Starting points and execution flow

Prediction process

  1. Prediction request: When a prediction is requested for a video, TimelineLabelsModel.predict_regions(video_path) is called.

  2. Determine mode:

    • Trainable mode (self.trainable == True): Calls create_timelines_trainable(video_path).

      • Extracts features using cached_feature_extraction.
      • Loads the trained classifier model using BaseNN.load_cached_model.
      • Predicts probabilities with classifier.predict(yolo_probs).
      • Converts probabilities to timeline labels using convert_probs_to_timelinelabels.
    • Simple mode (self.trainable == False): Calls create_timelines_simple(video_path).

      • Gets YOLO predictions using cached_yolo_predict.
      • Processes frame results to extract probabilities.
      • Converts probabilities to timeline labels using convert_probs_to_timelinelabels.
  3. Return predictions: The method returns a list of predicted regions with labels and timestamps.

Training process

  1. Event Trigger: The fit(event, data, **kwargs) method is called when an annotation event occurs (e.g., ‘ANNOTATION_CREATED’ or ‘ANNOTATION_UPDATED’).

  2. Event Handling:

    • Checks if the event is relevant for training.
    • Extracts the task and annotation data.
  3. Parameter Extraction: Retrieves model parameters from the control tag attributes, such as epochs, sequence size, hidden size, and thresholds.

  4. Data Preparation:

    • Gets the video path associated with the task.
    • Extracts features from the video using cached_feature_extraction.
    • Converts annotations to labels suitable for training.
  5. Model Loading or Initialization:

    • Attempts to load an existing classifier model using BaseNN.load_cached_model.
    • If no model exists or parameters have changed, initializes a new MultiLabelLSTM model.
  6. Training:

    • Calls classifier.partial_fit(features, labels, ...) to train the model incrementally.
    • Training includes early stopping based on accuracy and F1 score thresholds to prevent overfitting.
  7. Model Saving: Saves the trained model to disk using classifier.save(path).

Utilities and helper functions

Cached Prediction and Feature Extraction:

  • cached_yolo_predict(yolo_model, video_path, cache_params): Uses joblib’s Memory to cache YOLO predictions, avoiding redundant computations.

  • cached_feature_extraction(yolo_model, video_path, cache_params): Extracts features from the YOLO model by hooking into the penultimate layer and caches the results.

Data Conversion Functions:

  • convert_probs_to_timelinelabels(probs, label_map, threshold): Converts probability outputs to timeline labels suitable for Label Studio.

  • convert_timelinelabels_to_probs(regions, label_map, max_frame): Converts annotated regions back into a sequence of probabilities for training.

Conclusion

The TimelineLabels ML backend integrates seamlessly with Label Studio to provide temporal multi-label classification capabilities for video data.

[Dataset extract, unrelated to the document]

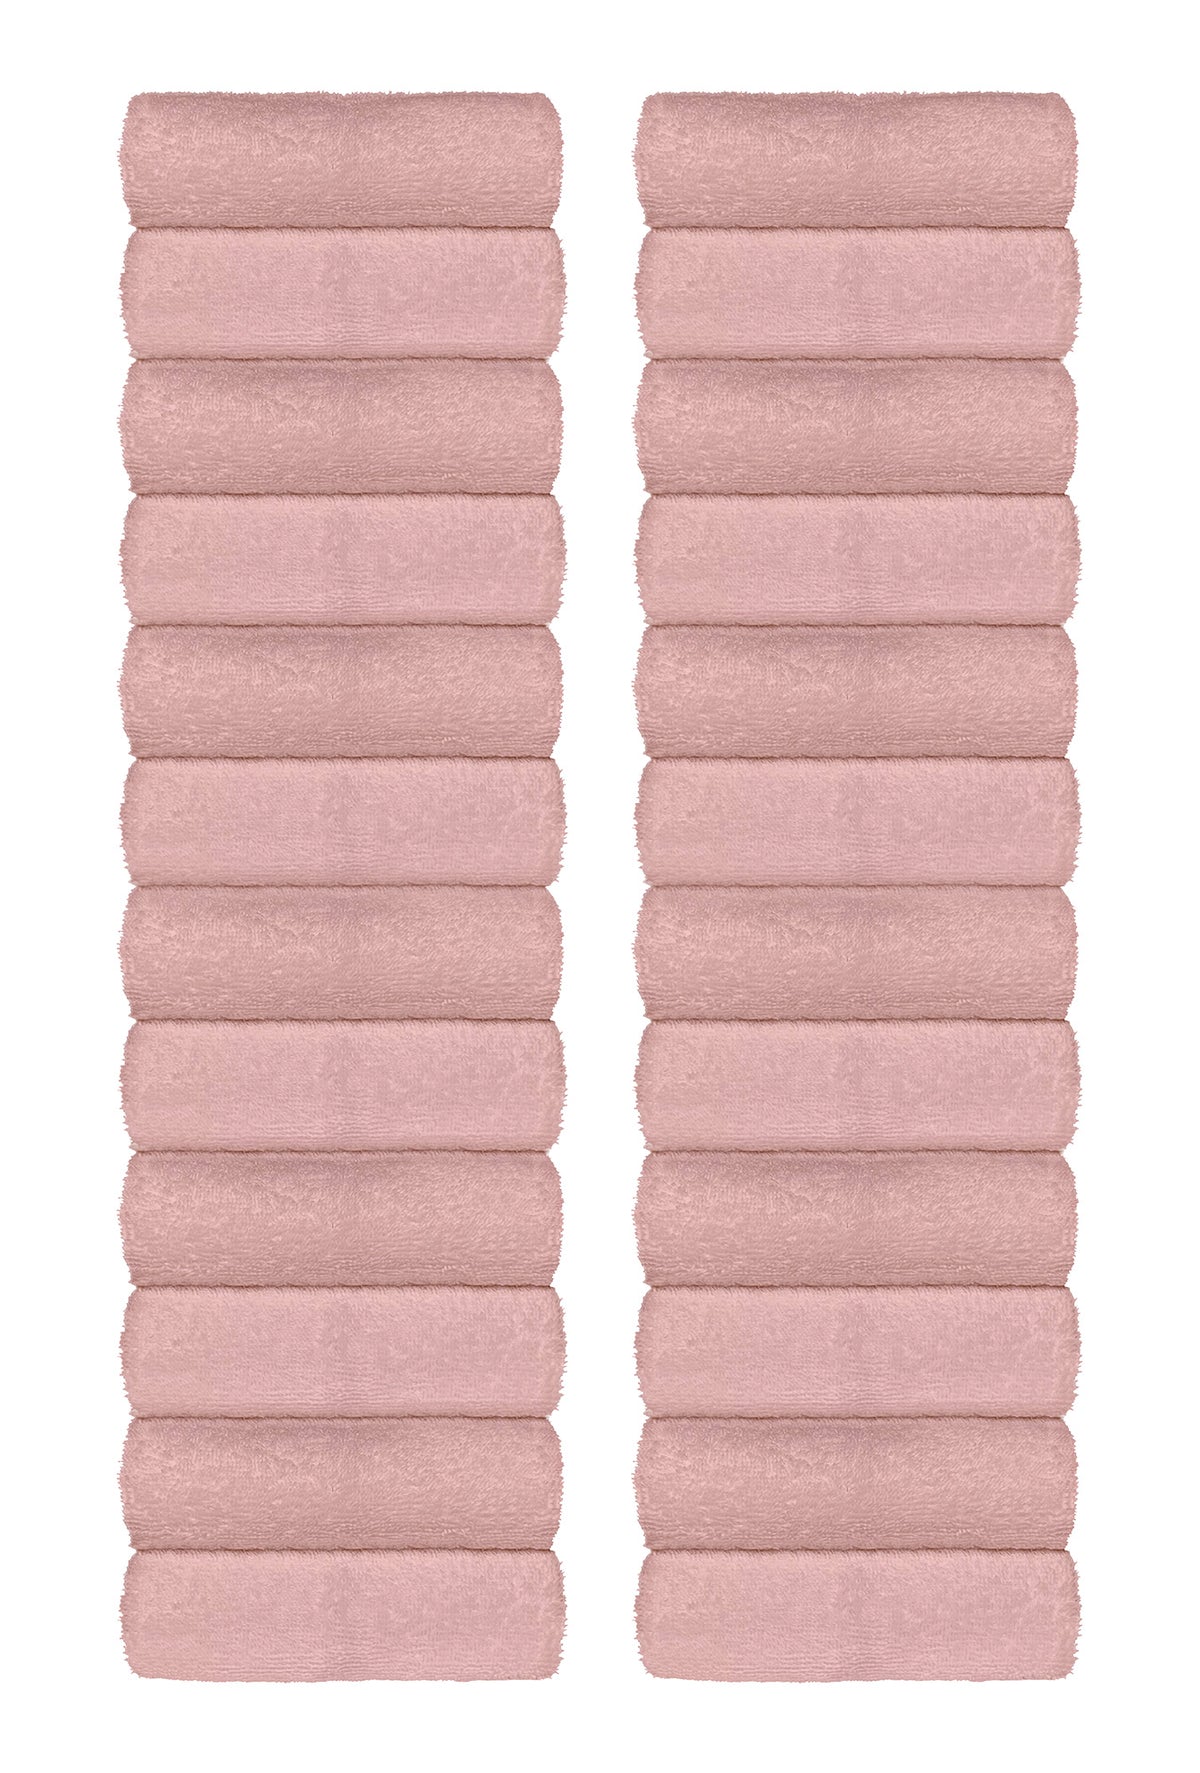 Set Asciugamani Bagno 100% Cotone Super Assorbenti Telo Doccia Spugna Professionali Salvietta Lavetta Viso Asciugamano Teli Asciugamano - Rosa

The architecture leverages pre-trained YOLO models for feature extraction and enhances them with an LSTM neural network for capturing temporal dependencies.

Understanding the class hierarchies and method flows is crucial for developers looking to extend or modify the backend. By following the starting points and execution flows outlined in this guide, developers can navigate the codebase more effectively and implement custom features or optimizations.

Note: For further development or contributions, please refer to the README_DEVELOP.md file, which provides additional guidelines and architectural details.